On The Ergonomics Of Music: Reflections On Flow In Steve Reich’s “Drumming”

“But how the paths sounded to me was deeply linked to how I was making them. There wasn’t one me listening, and another one playing along paths. I listened-in-order-to-make-my-way.”
-David Sudnow, Ways of the Hand (MIT Press 2001, p. 40)

Every once in a while warming up before a show I noodle around by playing a bit of Steve Reich’s Drumming on the marimba. Composed in 1971, Drumming is over an hour of continuous percussion music entirely built on just a few pitches arranged in a constellation of eight beats over twelve pulses. This is the core melo-rhythmic pattern:

Attachment-1

As I played Reich’s pattern I thought about what makes it so idiomatic for the drummer’s hands. First, there its short-short-long-long rhythm whose composite sounding has the feel of a three against two polyrhythm. Next, the truncated scale: four notes of a minor one, but without the other three notes that would tell us more about specifics. Finally, Reich’s pattern on these four notes bring my left hand on an out-in-out motor pattern, moving from the g-sharp (out or away from me), up to the b-natural (in or towards me), and then from the b-natural down a semitone to the a-sharp (in to out). Simply put, while the right hand stays perched up on the c-sharp, the left hand motor pattern traverses a small in-out path that flows like crazy!
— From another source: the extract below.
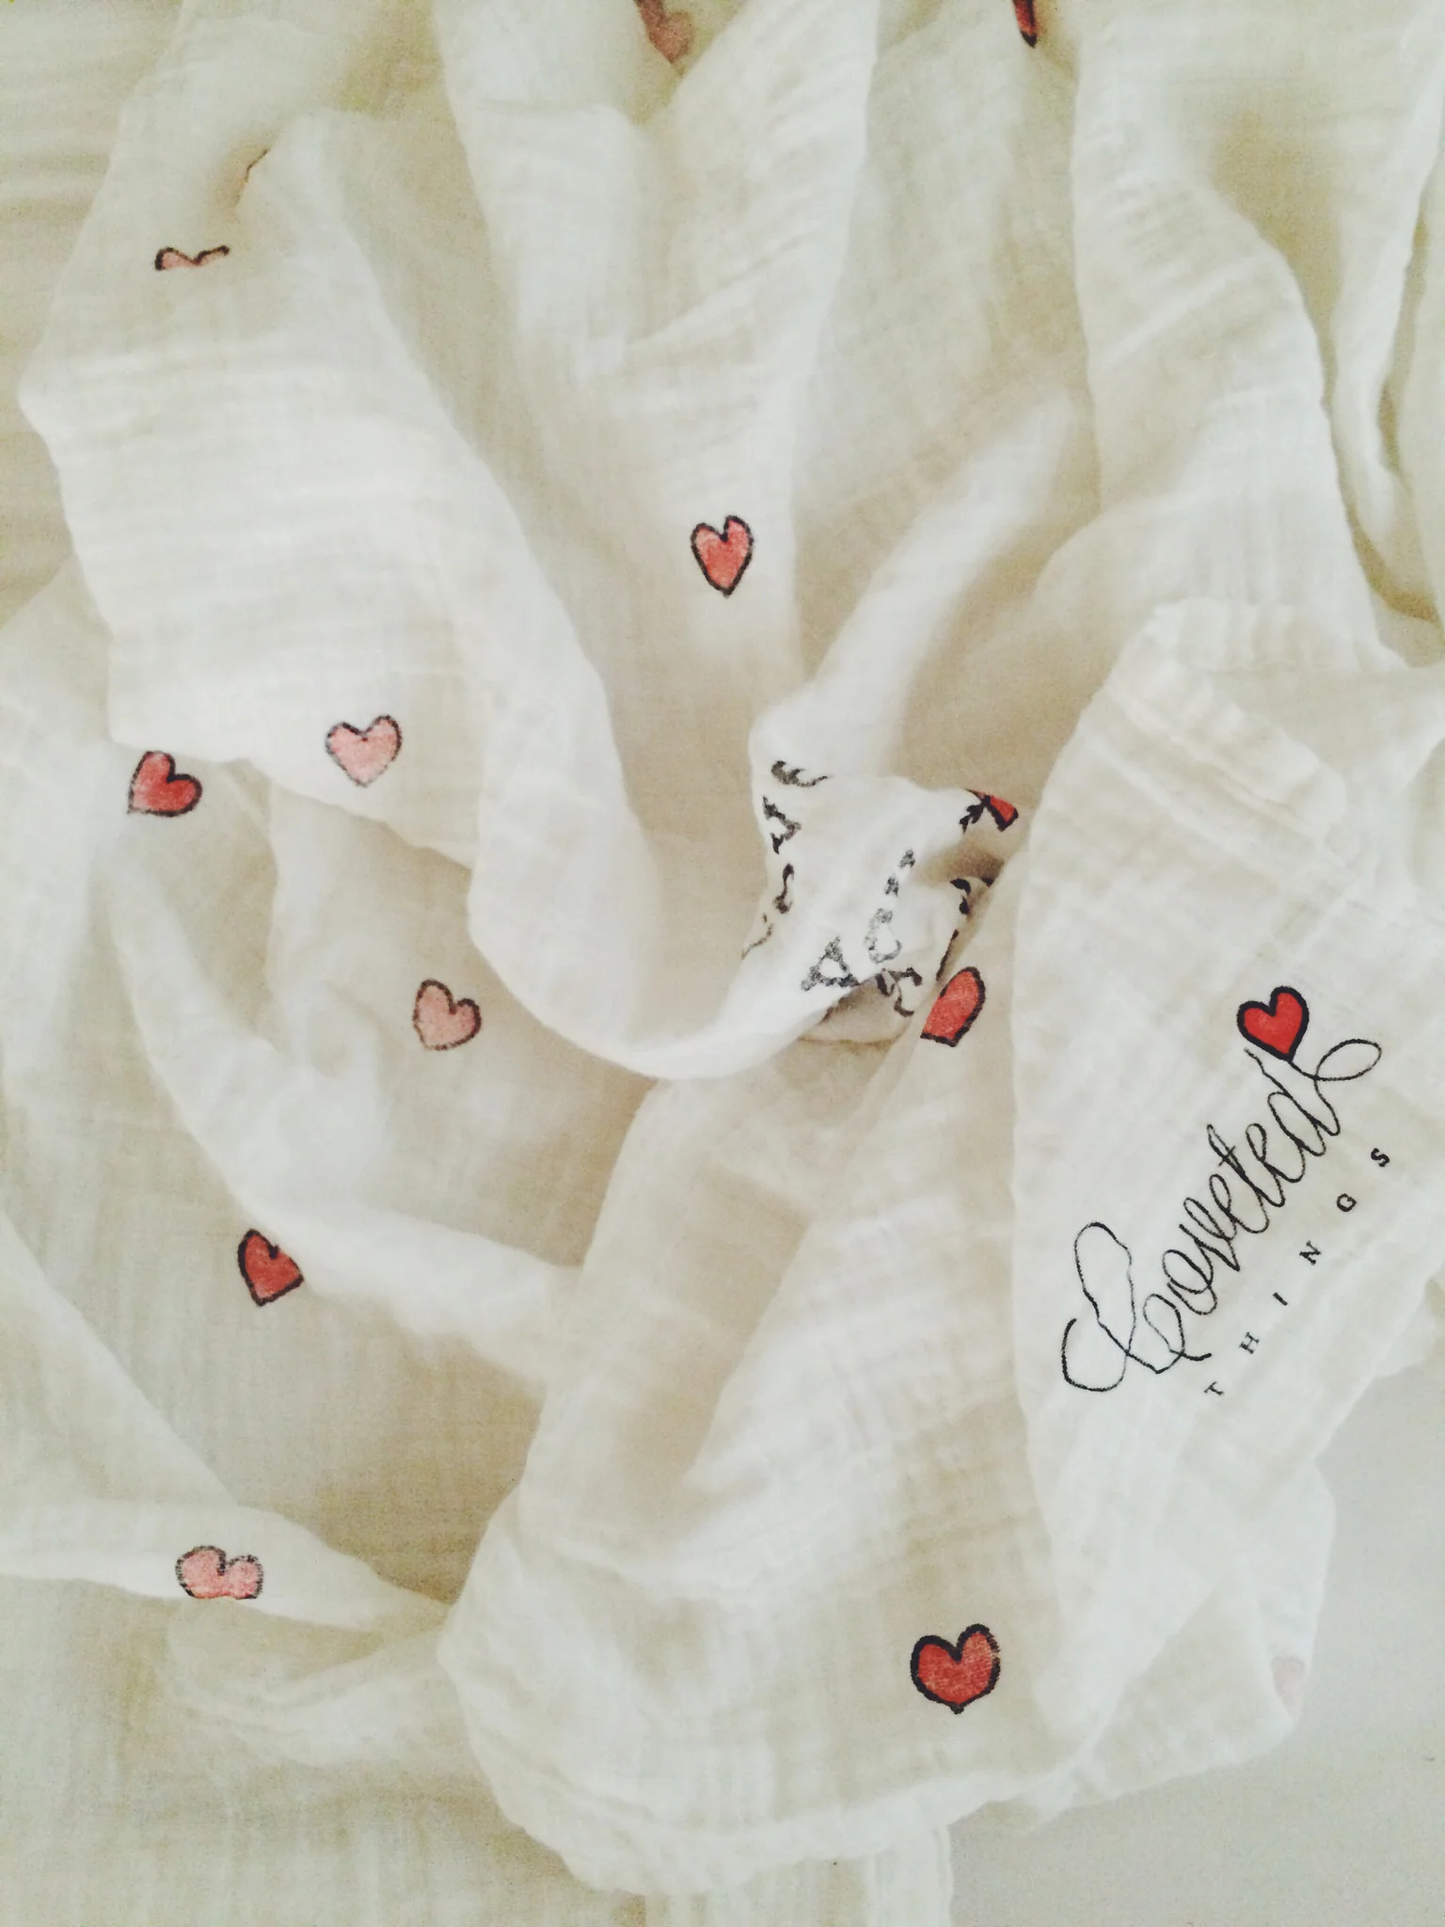 Love You Forever and Ever Organic Swaddle Blanket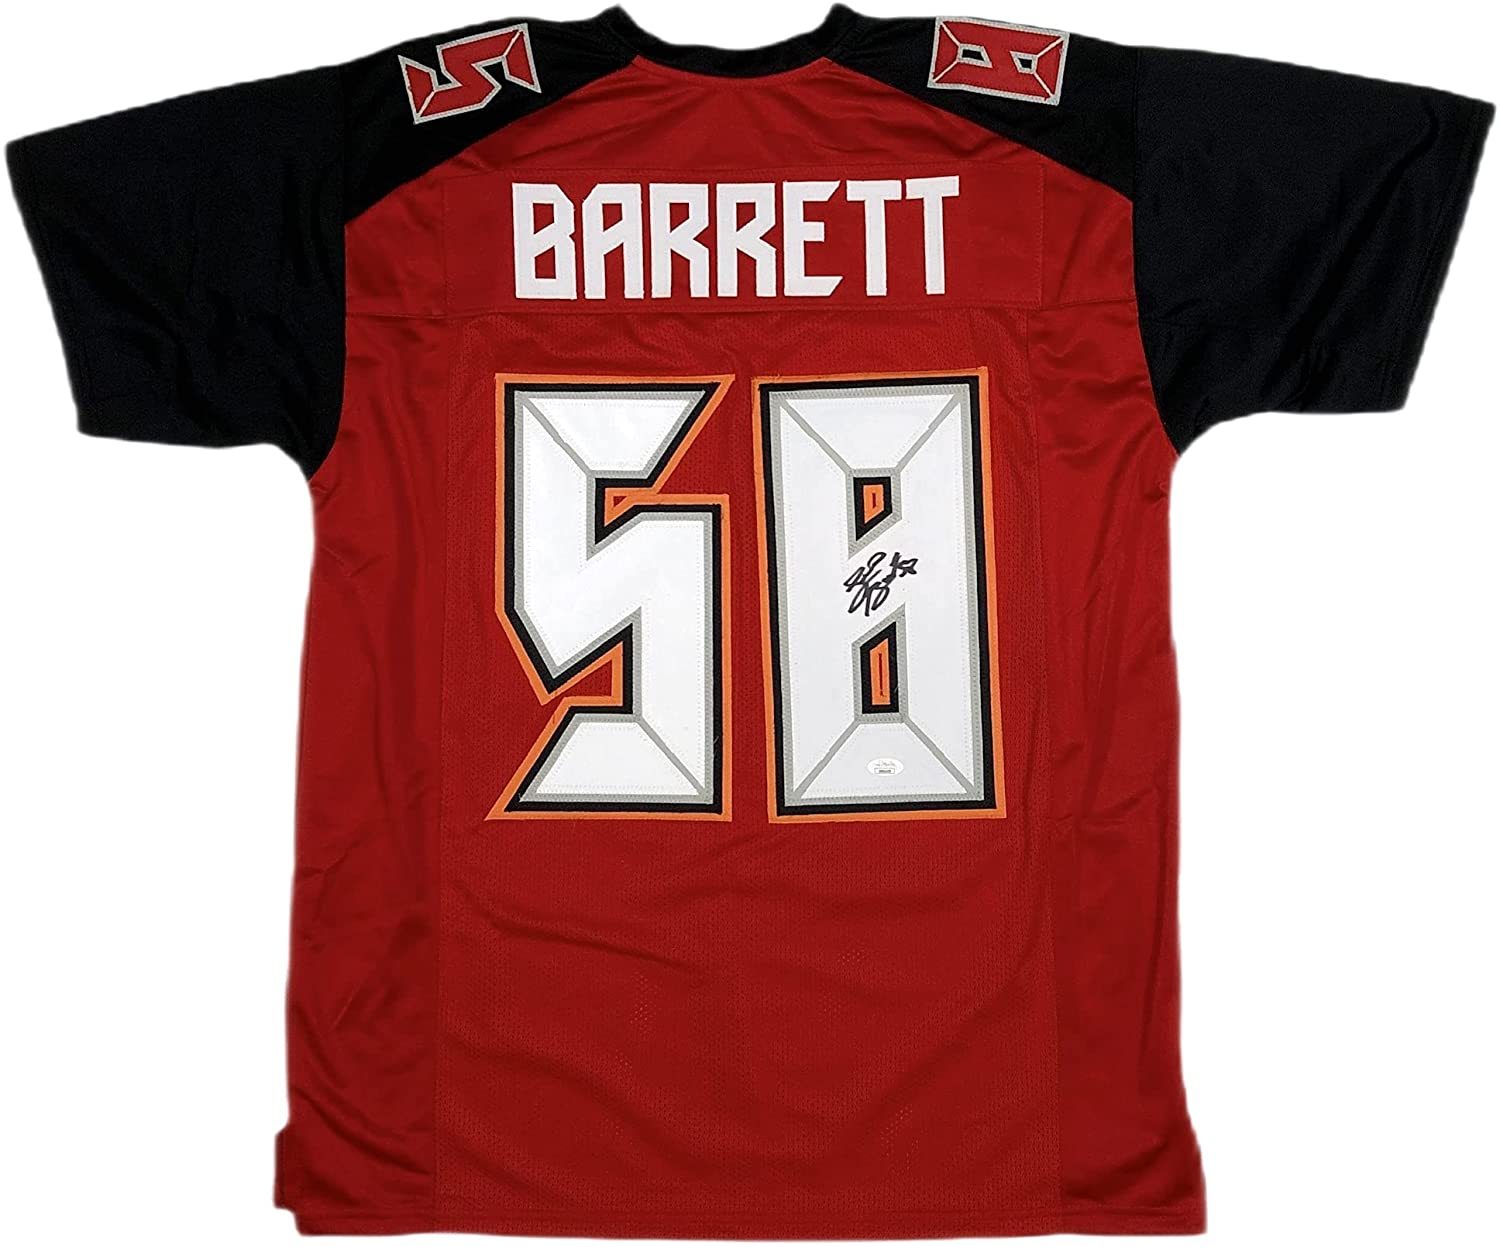 Primary image for SHAQUILLE SHAQ BARRETT Autographed Hand SIGNED Custom JERSEY JSA AUTHENTIC BUCS

As I played and enjoyed the flow of the pattern I wondered how it would sound and feel in different keys, so I transposed it downwards one semitone at a time to try it out on eleven other starting pitches. But none of these transpositions felt nearly as natural as playing the pattern on g-sharp. Interesting. In fact, some of the transpositions–starting on b-natural, for instance–were seriously awkward to play. Now I wondered: Would Drumming have worked had it been done in a different key? Had it been tried in different keys? Was motor pattern flow a factor in deciding on its key? (So many questions.)

Playing the core pattern of Drumming had me thinking about some other matters related to composing and playing musical instruments. Had the pathways of this pattern, in this key, on this instrument (and not the tuned bongo drums that are featured in the piece’s opening movement), been the impetus for Drumming? I also reflected on how it is that a piece of music that works so well–that sits so well in the hands–can help define a lexicon of movements that are possible along the terrain of an instrument. If you write music for marimba, it’s difficult to ignore the enduring influence of Reich’s distinctive syncopated patterns on your understanding of the instrument’s idiomatic potentials and expressive sweet spots. Even if you’re just noodling around, warming up before a show by playing bits of Drumming, the fact that the piece continues to sound and feel as good as it does as ergonomic percussion music is enough to make you reflect anew on how closely writing and performing music are connected.